Les recherches de Guillaume Massé s’inscrivent, elles, dans le cadre d’un programme de valorisation de l’animal marin, financé par la Région et l’Europe. L’Etat français a quant à lui inscrit le biomimétisme dans la Stratégie Nationale de transition écologique vers un développement durable.


Les supers pouvoirs de la seiche- 12/05/2022

Laure Bonnaud-Ponticelli est professeure au Museum d’Histoire Naturelle et spécialiste des Céphalopodes- seiche, calmar et pieuvre. Ses projets de recherche sont orientés sur l’étude du développement de la seiche.

« Les céphalopodes ont un système nerveux magnifique ; ce sont les seuls animaux non vertébrés à posséder une aussi grande diversité de neurotransmetteurs telles que la dopamine ou l’adrénaline ; comment l’utilisent-ils et comment se transmet l’information ? »  se demande cette chercheuse à la voix vibrante et passionnée.

La capacité de camouflage de la seiche

 Les travaux de Laure Bonnaud Ponticelli portent plus spécifiquement sur la compréhension du système nerveux de la seiche et son développement. Les seiches sont connues pour leurs comportements étonnants qui sont essentiellement guidés « visuellement ». Elles ont des yeux performants qui leur permettent de détecter la lumière, même dans l’œuf, et d’adapter leurs réactions. Pour se rendre invisibles au regard de leurs prédateurs ou encore mieux attraper leurs proies, elles sont aussi capables de modifier la couleur de leur peau en quelques millisecondes.

La biologiste essaie de comprendre comment se met en place l’apprentissage ou la mémoire chez ces créatures fascinantes. « Une fois que vous avez regardé une seiche dans les yeux, vous ne pouvez plus vous défaire de cet échange de regard ! » dit-elle, non dénuée d’humour.
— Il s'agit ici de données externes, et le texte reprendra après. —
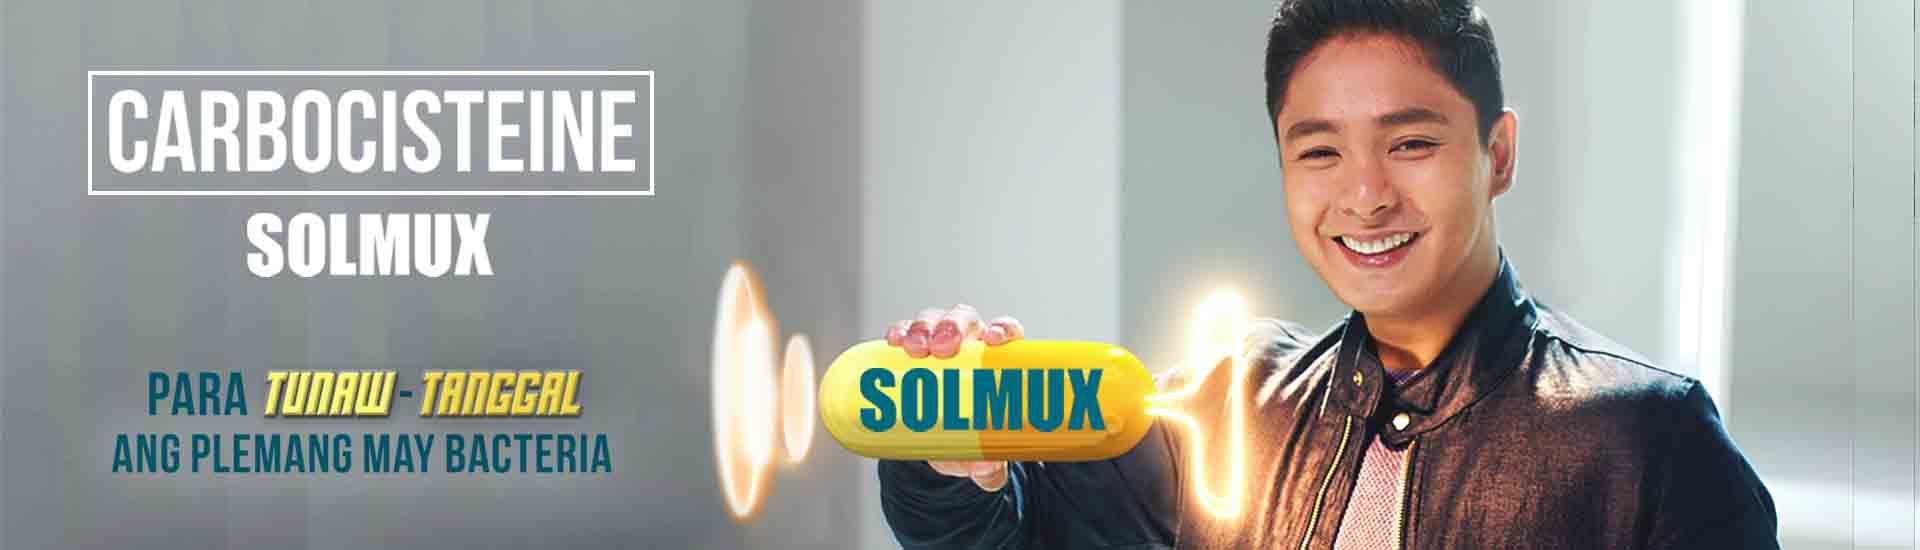 Solmux Capsule Banner

« Les céphalopodes, il y en a partout dans le monde, ils ont un rôle essentiel dans la chaine alimentaire. Ils subissent aujourd’hui les pressions générées par l’humain- la pêche intensive, le réchauffement et l’acidification de l’océan- ce qui perturbe plus largement tout l’écosystème marin ».  Il est donc fondamental d’étudier les hypothèses d’évolution des céphalopodes, et au-delà la biodiversité marine, dans un environnement mondial qui se dégrade.

Un organisme inspirant

Avec son équipe, Laure Bonnaud Ponticelli essaie de décrypter les voies moléculaires qui interviennent dans la vision de la seiche, et plus globalement dans sa photosensibilité. L’extrême adaptabilité de la seiche s’explique par des millions de cellules pigmentées- les chromatophores- qui se dilatent ou se contractent sous le contrôle direct de neurones moteurs, et dont la couleur évolue au gré de leur développement. « La seiche n’a qu’une saison de reproduction de 2 à 3 mois avant de mourir, son cycle de vie est très court et elle est hypersensible : dans quelle mesure la lumière peut avoir de l’importance dans ce cycle de vie, c’est ce que nous essayons de savoir ».
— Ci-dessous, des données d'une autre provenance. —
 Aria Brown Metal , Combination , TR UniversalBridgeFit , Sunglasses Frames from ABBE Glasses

La scientifique évoque l’importance du biomimétisme dans ses recherches, ce processus d’innovation qui s’inspire du vivant pour développer des techniques de production appliquées dans plusieurs domaines industriels. On pourrait demain développer la qualité des écrans plasmas couleur, inventer des membranes auto-réactives à la lumière pour équiper les drones, etc.. Par ailleurs, les résultats obtenus sur la seiche permettront d’explorer dans une approche comparative l’évolution, la diversité et le rôle des gènes impliqués dans la mise en place d’un organisme, dans le milieu aquatique marin.